Leave the pictures out and write out the rest of the listing word for word.

===== DATA PROVIDED

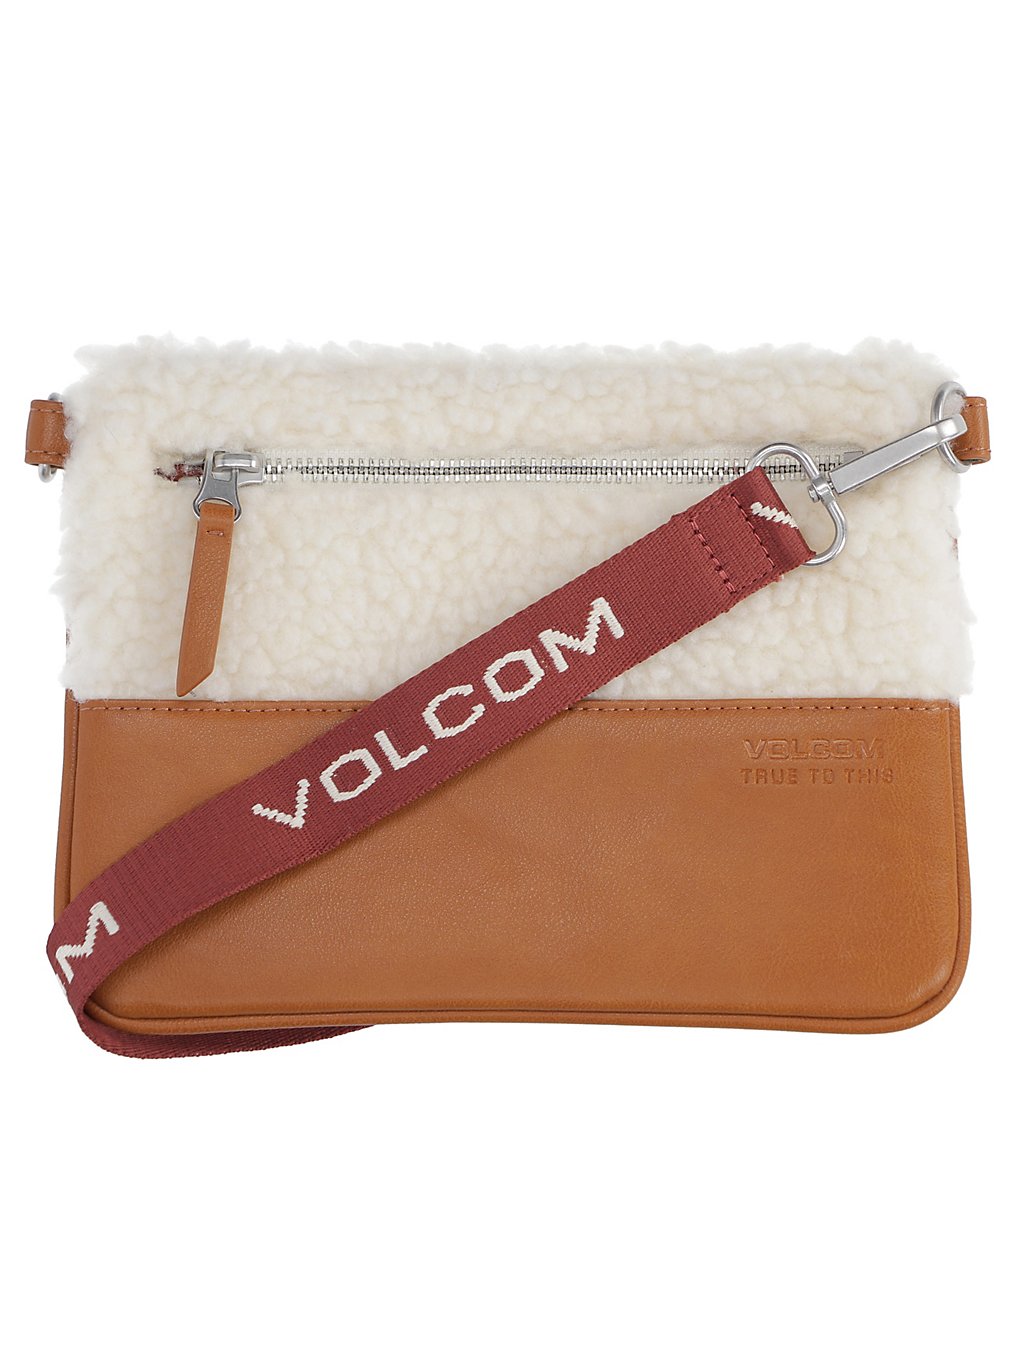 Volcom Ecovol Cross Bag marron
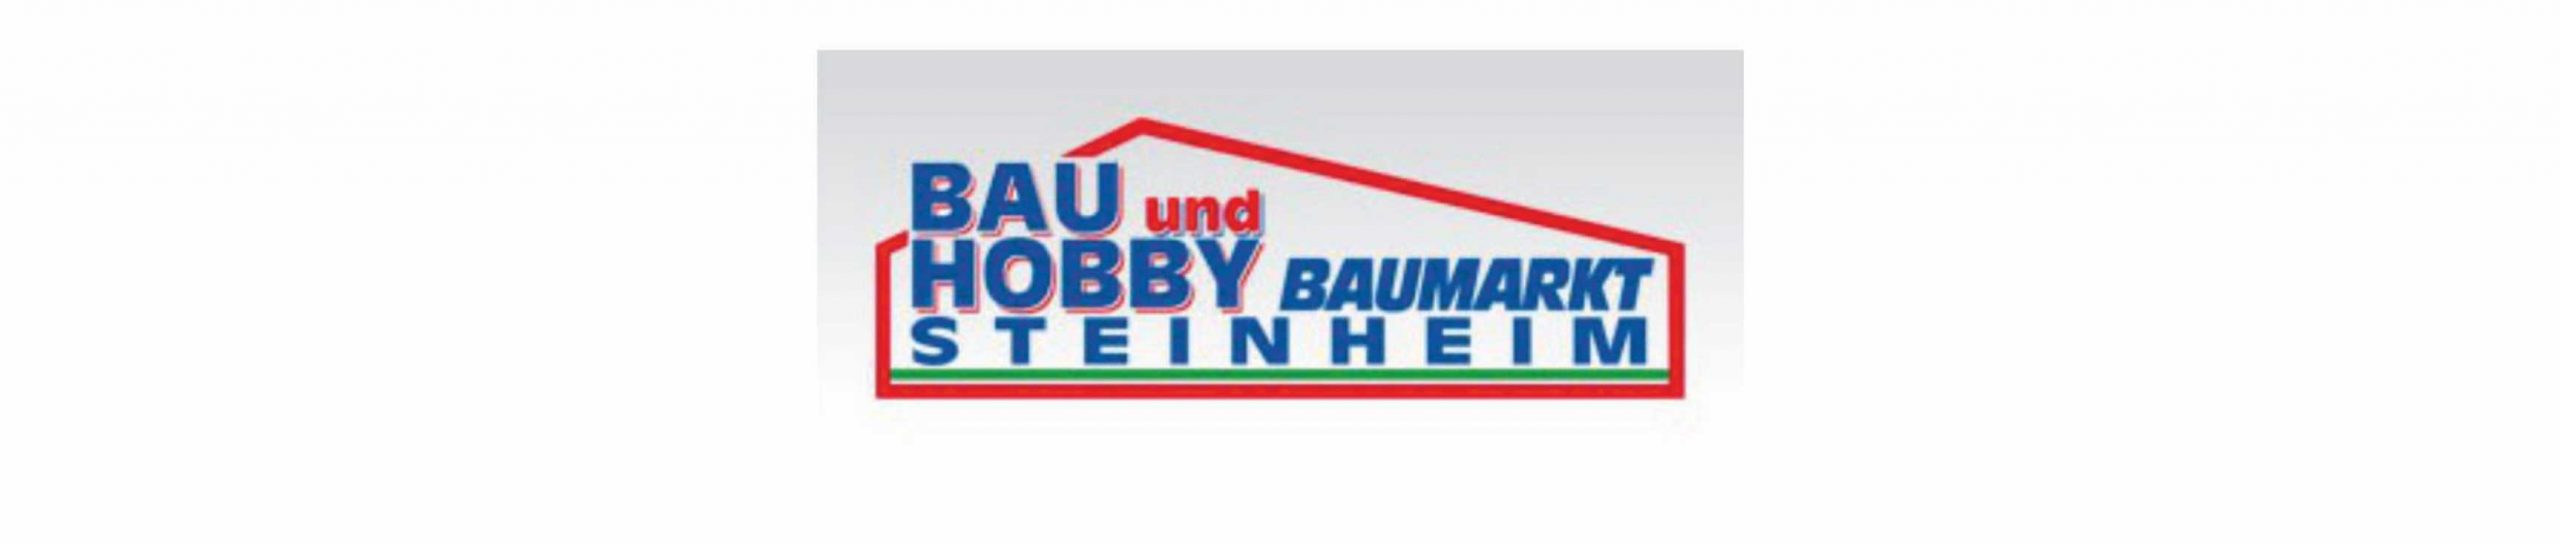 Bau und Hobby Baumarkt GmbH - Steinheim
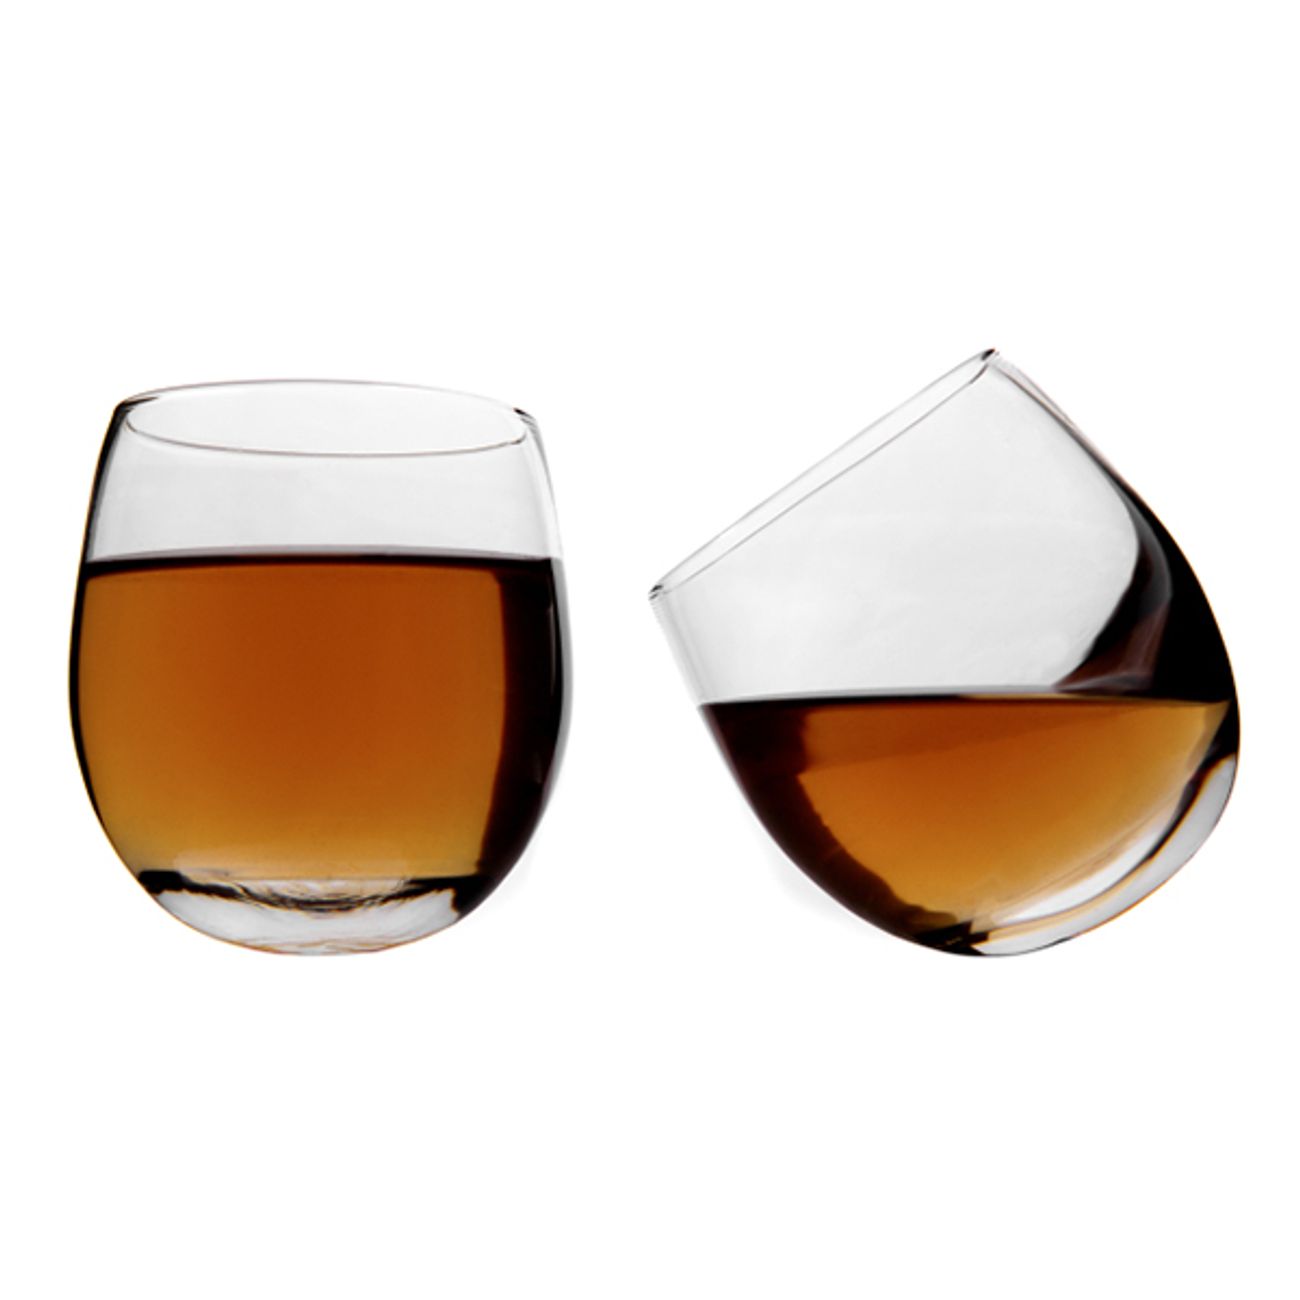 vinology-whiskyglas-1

==========

▸ **WRITTEN REPLY**:
 Volcom Ecovol Cross Bag marron
 Bau und Hobby Baumarkt GmbH - Steinheim
 vinology-whiskyglas-1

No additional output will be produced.